There’s only so big a 128 x 128 image file can be, in bytes :wink:

1 Like

I can definitely see a real use case for:

Hell no… we are not an image storage service, maximal size of every image on the forum is 500K, we will drop fidelity till we get there on all of history… sorry everyone.

I get that many forums that tire of giant old backups may may want to go down this path.

Right but we have exactly that feature it is just gated on pixel dimensions, not filesize per se.

Remember we have to deal with pasted in images too.

3 Likes

Sam, I’ve been thinking about why our backup is so big when we don’t really have that many images uploaded… I think it might be because of the welcome DiscourseBot.

From what I remember, it asks users to upload photos to help familiarise them with the upload system. I’m wondering, would it be a good idea to have Discourse automatically delete these PMs (and all uploads inside them) after 2 or 3 months after registration?

It seems a waste hosting these uploads when they are not going to be seen by anyone and are effectively for testing purposes only… what do you think?

5 Likes

I like this idea. :slight_smile:

It might be worth updating one of the welcome bot’s text strings to let people know that, as they’re only testing the feature, their images won’t be stored long-term unless they re-upload them.

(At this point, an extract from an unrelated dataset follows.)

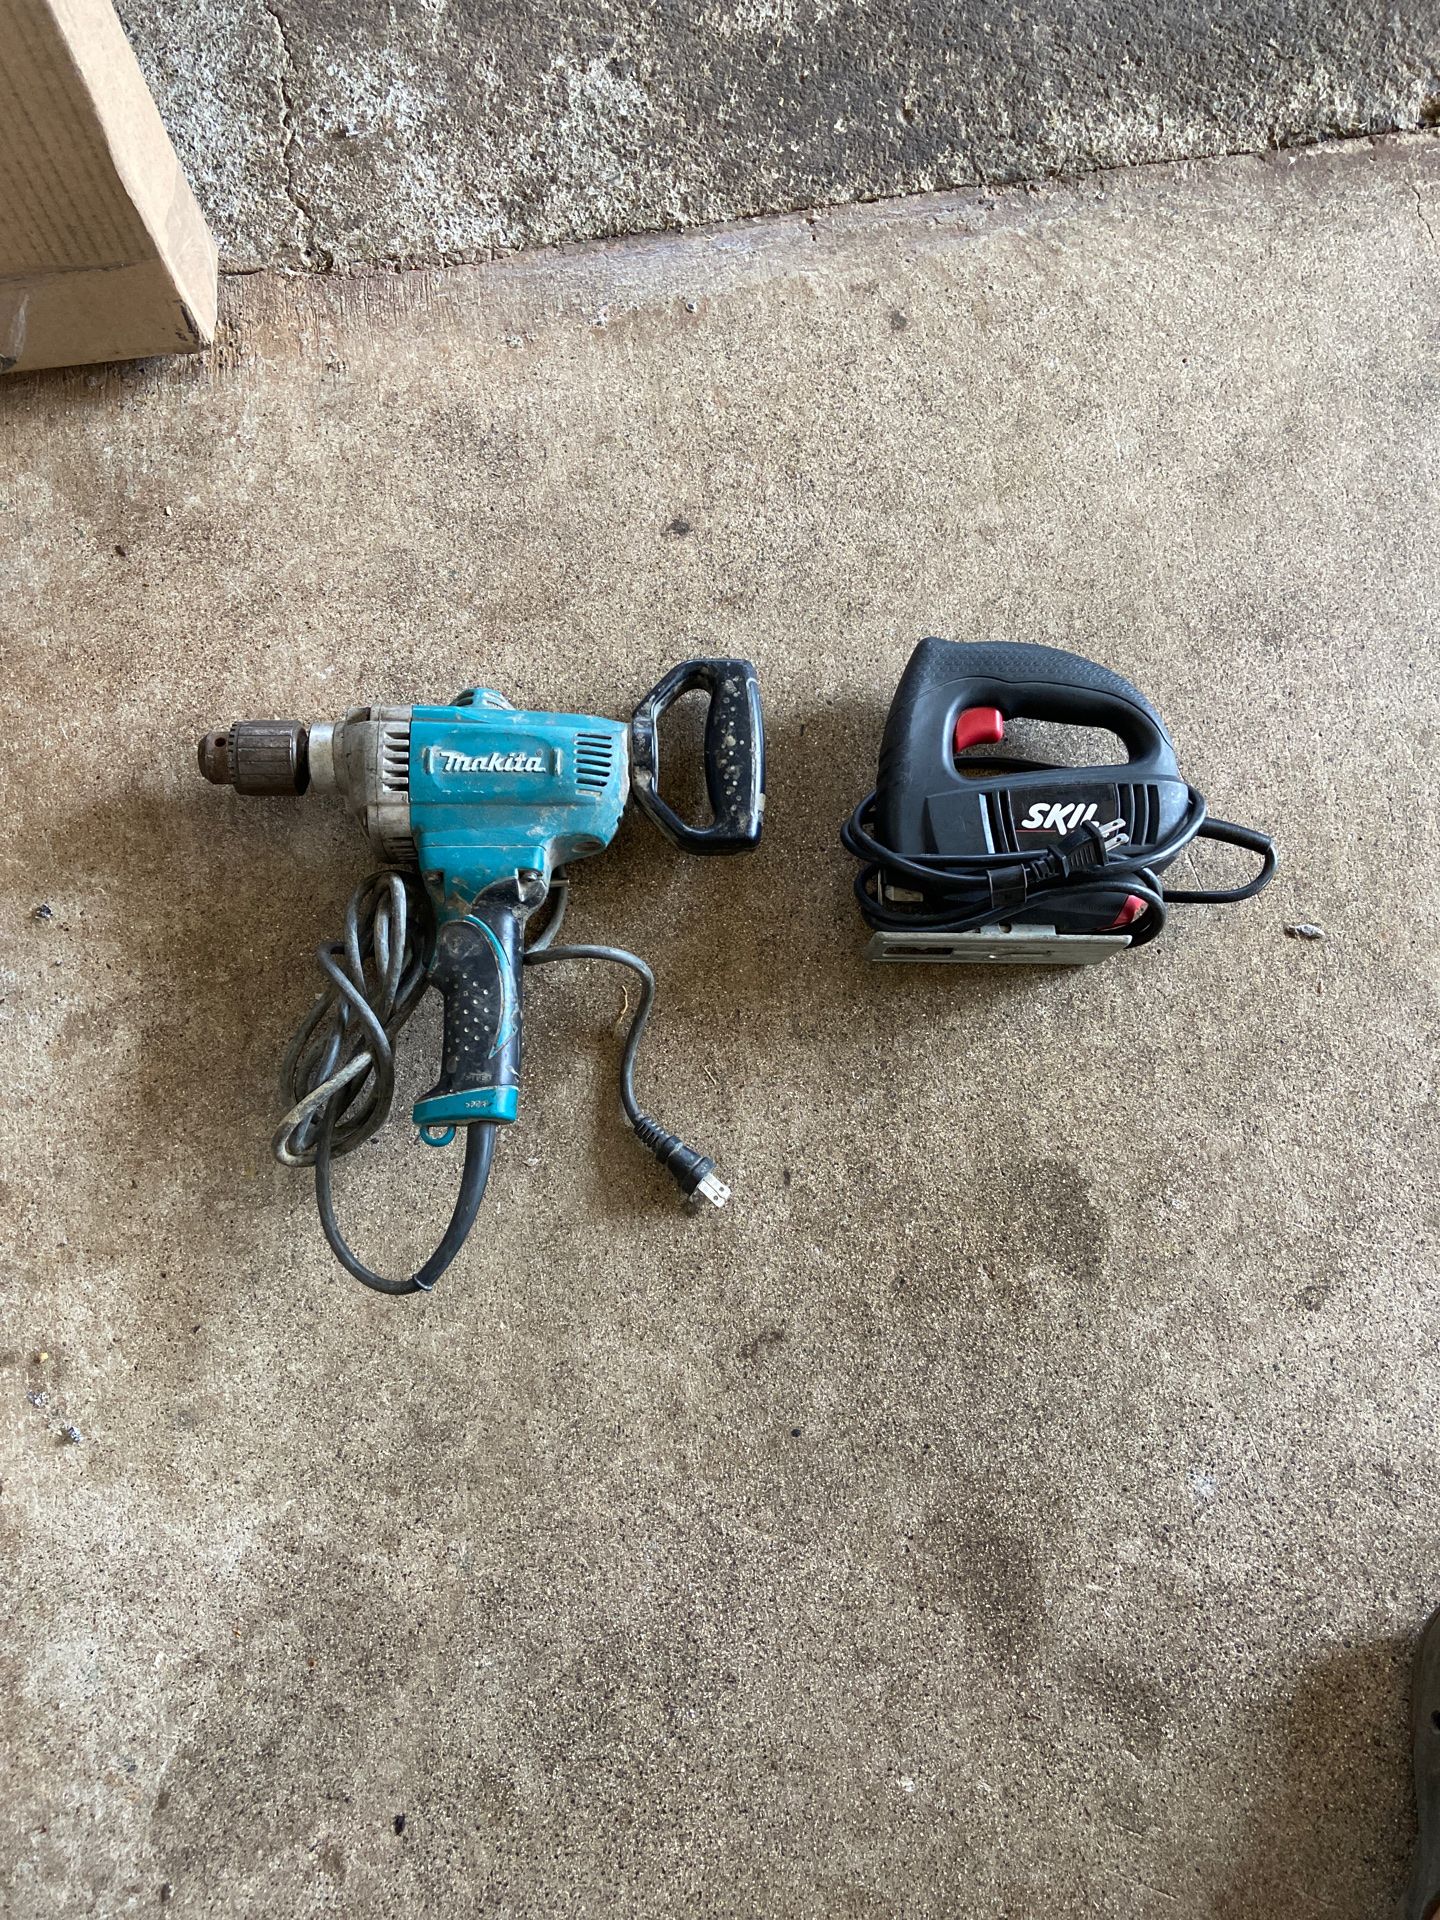 Makita 1/2” Spade handle drill and Skil jigsaw

It could be spun in an encouraging manner; “feel free to pick any image - this is just a test run!” or similar would convey the information, while focusing on the positive - in this case the user not needing to worry about finding the best image, and instead just using whatever file is convenient. This is one of the things I really like about the Discourse team - their messaging always feels friendly and welcoming.

4 Likes

Can you run a data-explorer query to give some real world data about how much space DiscourseBot uploads really takes?

5 Likes

I don’t have that plugin installed but can add it :smiley: Could you give me the query you would like me to execute please?

Even though an old topic, since this has been on my table for ages I’ll just post it here as this is the newest topic relevant to this. Pictures might be easier for someone wondering about this in 2021 or something. Discourse forums really are long term archives for me instead of discussion forums far too often :frowning: .

In autumn 2018 I noticed my backups for one site went through the roof (relatively speaking, small site :slight_smile: ).

Today I just happened to see the old note about checking it out… and noticed the backup size is far less. Which got me curious.

I wonder what happened in October when sizes increased a lot :slight_smile: . Unfortunately I don’t have those backups anymore and a bit too lazy to go digging through changelogs especially as I don’t know when I upgraded and what.

Looking at the newest tar, uploads are about 50M (14M optimized) and sql is 150M (28M packed). All this makes sense.

We don’t back up the resized / thumbnailed images by default any more, just the original image.

This means all backups are smaller, but restoring a backup is a bit more work in the short term, since after restore the system now has to auto-regenerate the “optimized” (resized, thumbnailed, etc) copies of the images from the originals. That’s the tradeoff.

Did I state this correctly @sam?

There is also a site setting if you want to retain all resized images in the backups to make restoring a bit more efficient.

4 Likes

Awesome, I like software with sensible decisions. Or justifiable support. Ah, that’s why I use Discourse…

Still wondering why backup sizes skyrocketed in one month for me. Maybe a lot of uploads, dunno.

Personally I pretty much always resize good pictures from 6M to 500K or around that with click-resizing (no auto, too risky).

The few times I really want to keep resolution I keep a copy myself.

Which of course begs the question, why not have an option to always “downgrade” uploaded images and never even keep the original? Site owner’s preference (percentage or whatever).

Optionally use software that uses smart downgrading (best option - image quality really is important sometimes).

Or to be really “nice”, keep the best image for a certain period of time and unless the original poster (or possibly someone reader) marks it as “not good enough”, toss the original.